One advantage of putting the cover under the wipers is to prevent the wind from getting under it. It also helps prevents debris from getting into and under the plenum cover.

For those days when the wind picks up, I've used these tarp clips on the sides with a length of para-cord to keep the sides from flapping. Simply double over the cover to prevent the plastic tarp clip from contacting the paint work. Up front, simply tuck the cover under the wipers to keep it in place. 

*NOTE* - I no longer use these clips when the wind picks up and use *magnets* instead. IMHO this is a much better solution for this type of half cover. Easier to put on and take off and no risk of cord abrasion against the paint.The magnets hold on quite well in high winds and you can pull the half cover tight over the top and secure it in place across the door and trunk lid.


----------



## SwissJetPilot (Apr 27, 2014)

My old cover finally gave up as it developed a slight rip along one of the seams. It was outside quite a bit more this summer and had really begun to fade from dark blue to a light purple.
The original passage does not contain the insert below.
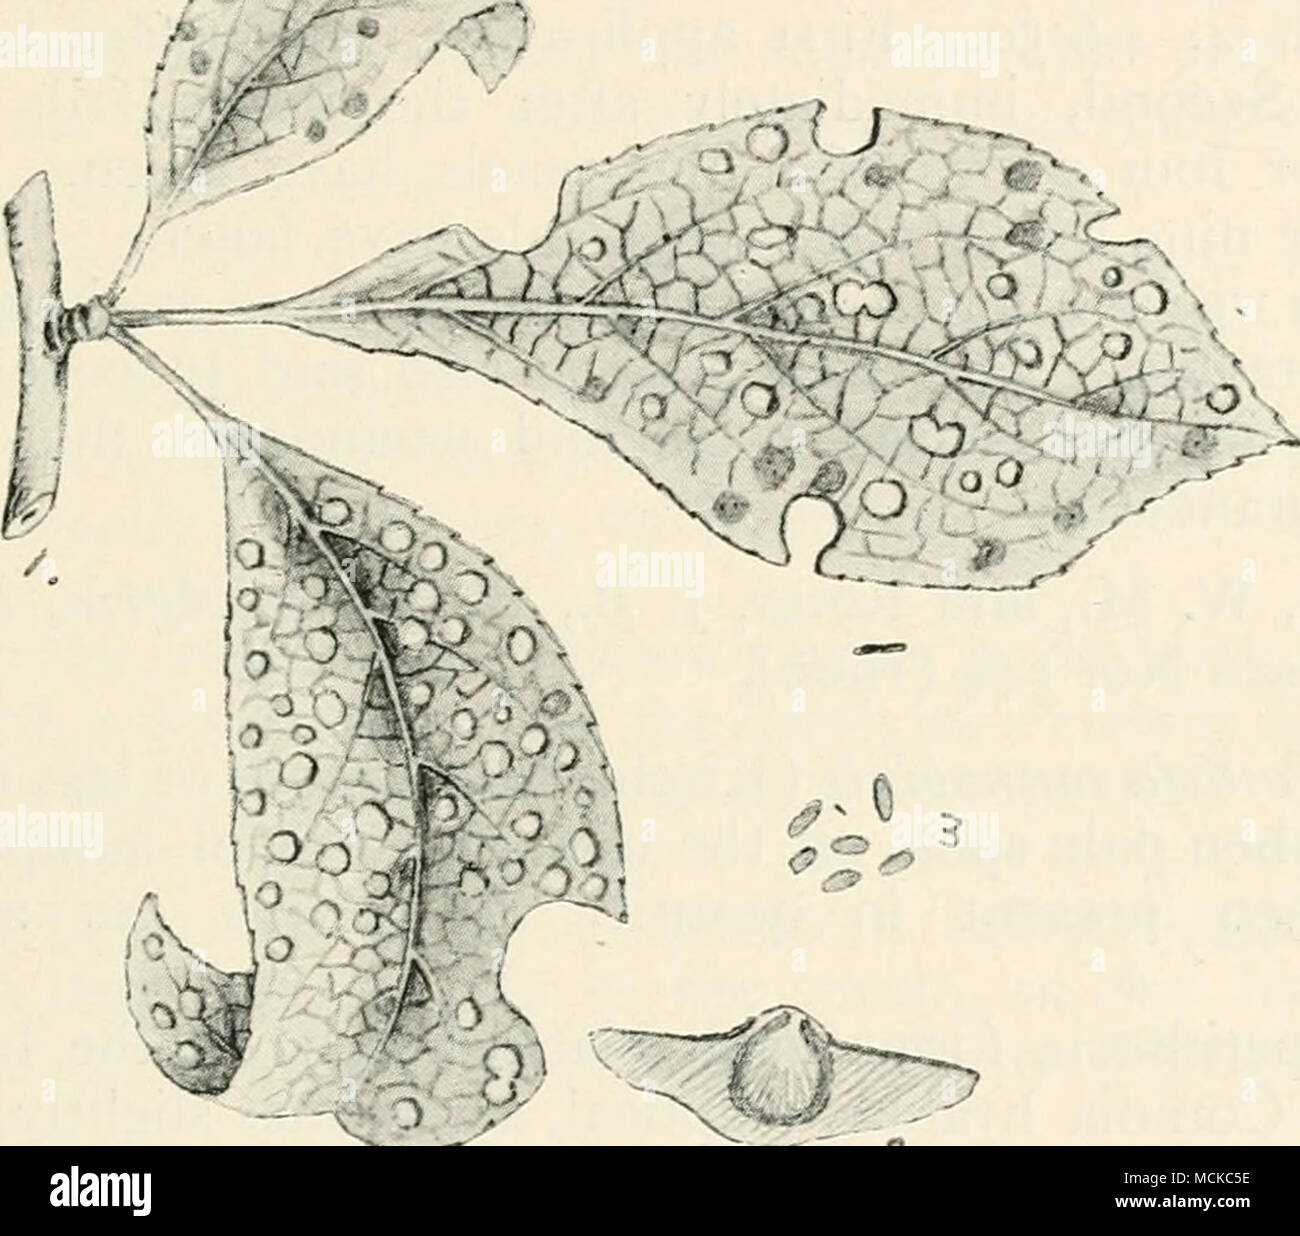 . Fig. 12^.âPhyllosticta frunicola. 1, apple leaves attacked by fungus ; 2, section through a perithecium embedded in the substance of the leaf; 3, conidia. Figs. 2 and 3 mag. Perithecia minute, immersed in the matrix, the mouth alone rupturing the epidermis, appearing as minute raised points; conidia hyaline, broadly elliptical, continuous, sur- rounded by a mucilaginous sheath which runs out at one end of the conidium as a hyaline appendage, which is apt to be overlooked, 8-10 x 5-6 ji. I have repeatedly met with perithecia containing conidia precisely similar to those described above, durin Stock Photo
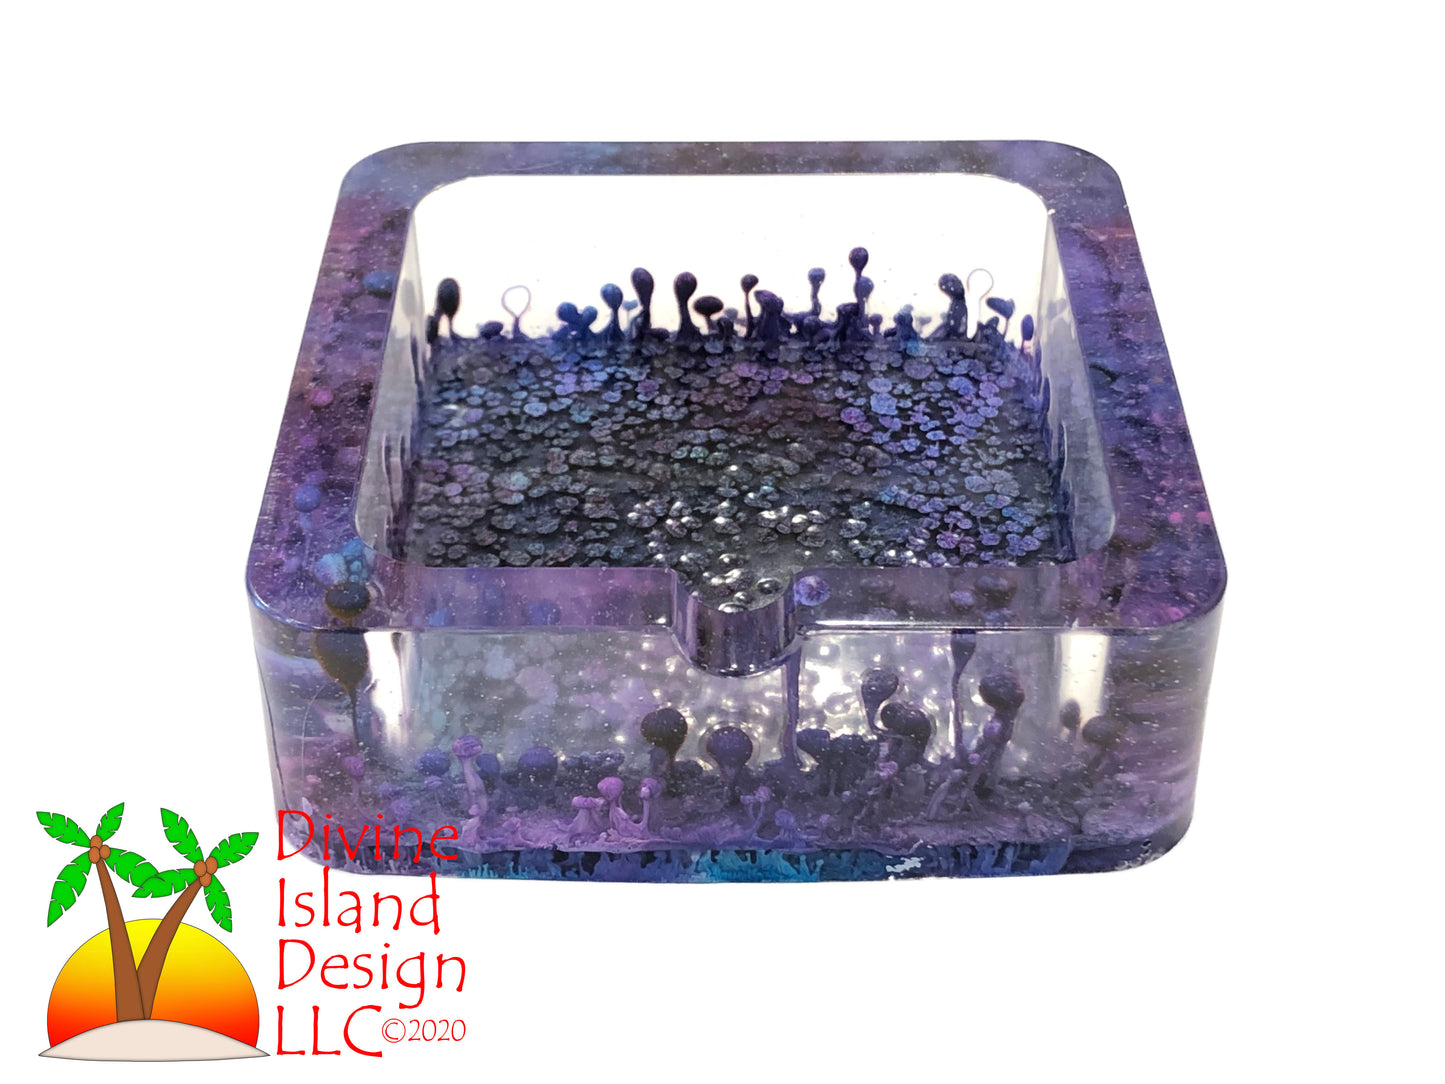 Square Purple and Blue Alcohol Ink Trinket/Ashtray

Obviously from the effects of UV which also made the material a bit "brittle" for a lack of a better term.

I received my new half-cover from Amazon today so hopefully I'll get another three years out of it before it has to be replaced. Overall I have to say this half-cover has performed exactly as expected. And for less than €20 it's cheap insurance for keeping the sun, rain, leaves and bird  off by roof when I have to leave it outside.


----------



## EssexRob (Nov 7, 2021)

SwissJetPilot said:


> This is the other one I'm considering. For £43.00 GBP, it's half the price as the first, yet twice that of the second. I'm starting to feel like Goldilocks and the Three Bears "...and this one is juuuuuust right!"
> 
> https://www.everycarcovered.com/collect ... -car-cover
> 
> View attachment 369201


I’ve got this one. Good fit and seems good value. Not had it long and not sure how long the elastic straps will retain their elasticity. In the pic it looks as if the straps somehow clip onto the wheel arches but in fact they go right under the front and rear of the car so you have to pull them right down to the bottom of the bumpers.


----------



## SwissJetPilot (Apr 27, 2014)

This is my winter prep solution as I currently have to leave it out in the cold and snow at the moment. I'm using a quilted furniture blanket (1.5 x 2 meters) as an insulator to keep the frost from forming on the fabric top. The half-cover goes over that secured at each corner and center to keep everything in place. Temps have been in the -7°C range all week with a few snow flurries and this seems to be working quite well. No frost on the glass to scrape off in the morning, and the top is well protected. It only takes a few minutes to pull it all off, give it a good shake and stow it in the trunk.


----------



## jacksosi (8 mo ago)

I have purchased this one :








Half Size Car Cover fits Audi TT Roadster 2006-2014 : Amazon.co.uk: Automotive


Buy Half Size Car Cover fits Audi TT Roadster 2006-2014 at Amazon UK. Free delivery on eligible orders.



www.amazon.co.uk





Does the job nicely, although I'd rather have had an all black option (or a garage that fitted an actual car  )


----------



## Steviejones133 (Aug 18, 2021)

Time has come for me to consider a half cover. I’m not really liking any of the ones with straps that go across the paint tied to wheel arches etc so I’m looking at cabrio shield. Expensive but looks quality rather than “buy cheap, buy twice”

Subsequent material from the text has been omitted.